Searching introduced me to 100% pure cotton pads/tampons (still non degradable), sea sponges, two menstrual cups called the Keeper and the Diva Cup, and reusable cloth pads. I'm sure there are a few things I haven't listed. For a bit of reading go have a look at the Museum of Menstruation. Interesting stuff

So I began investigating the four options.

1. The unbleached cotton pads and tampons did not meet my criteria simply because they were still not reusable. But in discovering them and the difference between them and the average run of the mill pads and tampons I also started thinking about chemicals. Why are tampons and pads made white? And why do neither pads nor tampon boxes contain a list of ingredients on them?! What's in them? What's used in the process of growing the cotton?

2. The sea sponges were just a little weird for me to think about as I began the journey to the Red Tent. I read about them and then the idea was discarded.

3. The menstrual cups sounded fantastic. In fact they are fantastic! I was very comfortable with the idea of putting my fingers inside myself to put it in and take it out. Being a student midwife one of my teachers advised all the students to get acquainted with ones own vagina before even considering doing a vaginal examination on another woman. The acquainting had been done (a post related to that might eventually make its way here in the course of the Red Tent exploration... maybe). While a two finger VE is easy enough the idea of the size of the cup (not all that big but big enough) did't appeal.

I still love the simplicity the menstrual cups hold for travel and hiking and will be acquiring one for those purposes, but not for every day.

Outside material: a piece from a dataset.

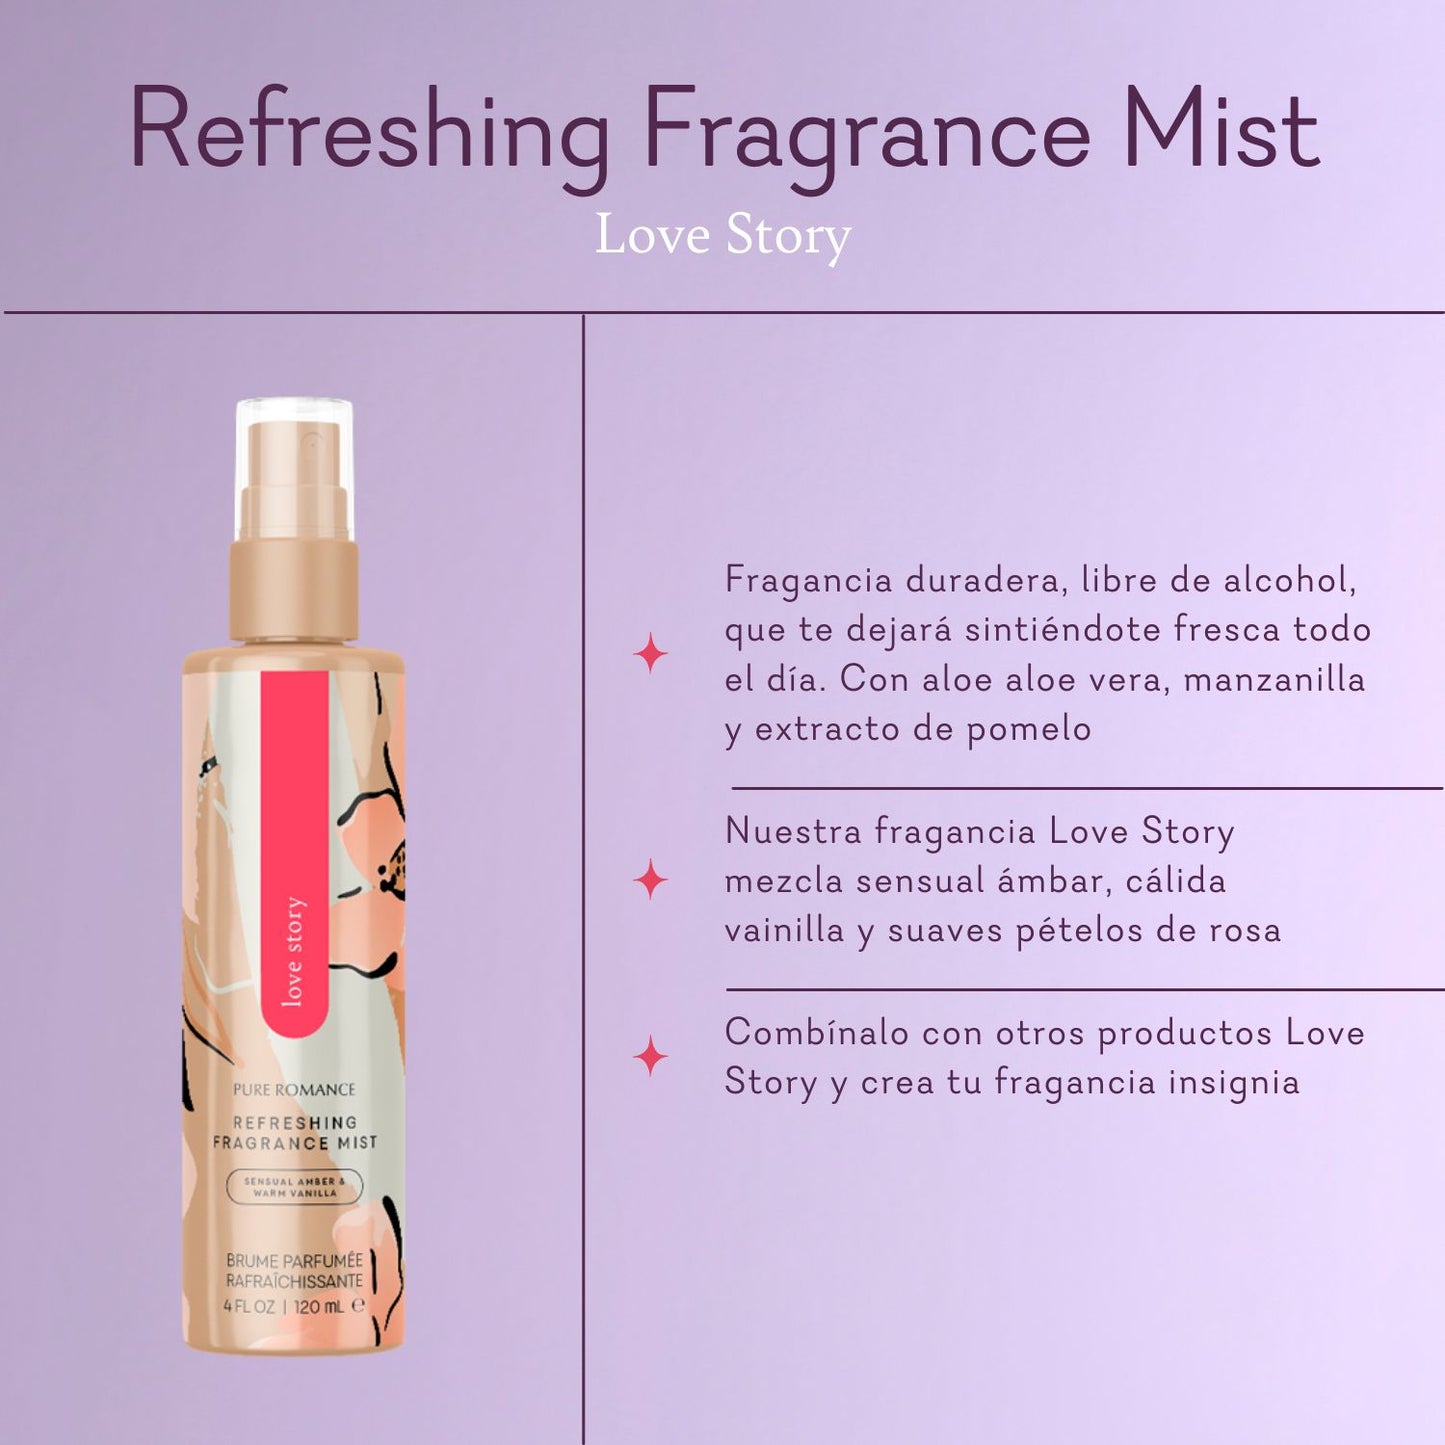 Refreshing Fragrance Mist - Love Story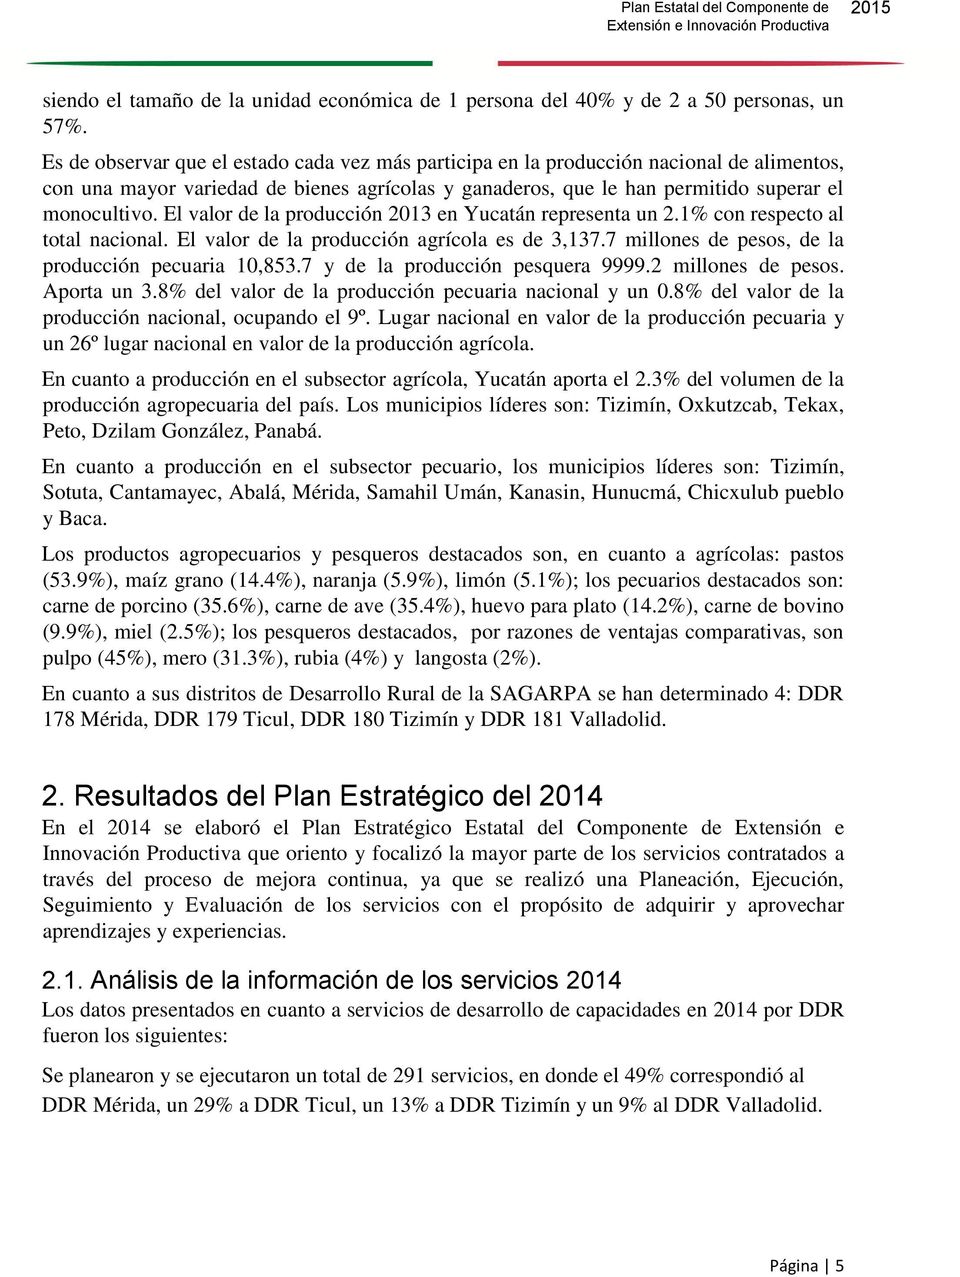 El valor de la producción 2013 en Yucatán representa un 2.1% con respecto al total nacional. El valor de la producción agrícola es de 3,137.7 millones de pesos, de la producción pecuaria 10,853.

The other reason that made me decide not to use the Keeper or the Diva Cup on a regular basis relates to the fact that I was sure I'd loath loosing the experience of bleeding out blood. It was a strange moment when I realized that but it has only become something I feel more strongly about... a feeling I am gradually beginning to understand as I explore what it means for me to bleed.

So with three of the four options crossed off the list I turned my mind to cloth pads, argued with myself over cloth pads, persuaded myself why I should try them, persuaded myself shouldn't and finally bought a single cloth pad.... just to try.

It was good-bye plastic!

And I'll let you know why next post.

Wednesday, January 17, 2007

Entering the Red Tent

Not too many women discover the Red Tent, especially young western women. Finding the Red Tent for myself has been quite a journey, a journey that began by wading through emotions, disposable winged pads, slim tampaons, hundreds of plastic wrappers, living with cramps that ran all the way from my lower back to knees, packets of panadine, and discovering that a taking too much panadine makes ones body un-responsive to the drug. Feeling drowned by it all I began sifting through women's stories and views on bleeding hoping to find something more. To my releif and surprise I stumbled into the beautiful place I now call the Red Tent.

So what is the Red Tent? The Red Tent is simply a place where one comes to a different understanding and awareness about what it means to bleed every month for, give or take, fourty years of ones life female life. What conclusion one comes to in the Red Tent is their's to make - it's the simple fact of exploring alternatives and refusing to be spoon fed what our culture tells us about bleeding and menstruation, which makes the Red Tent significant and a vital part of women's growth and understanding about their bodies.

.... I'll be writing about what I've discovered in the Red Tent over these next few days.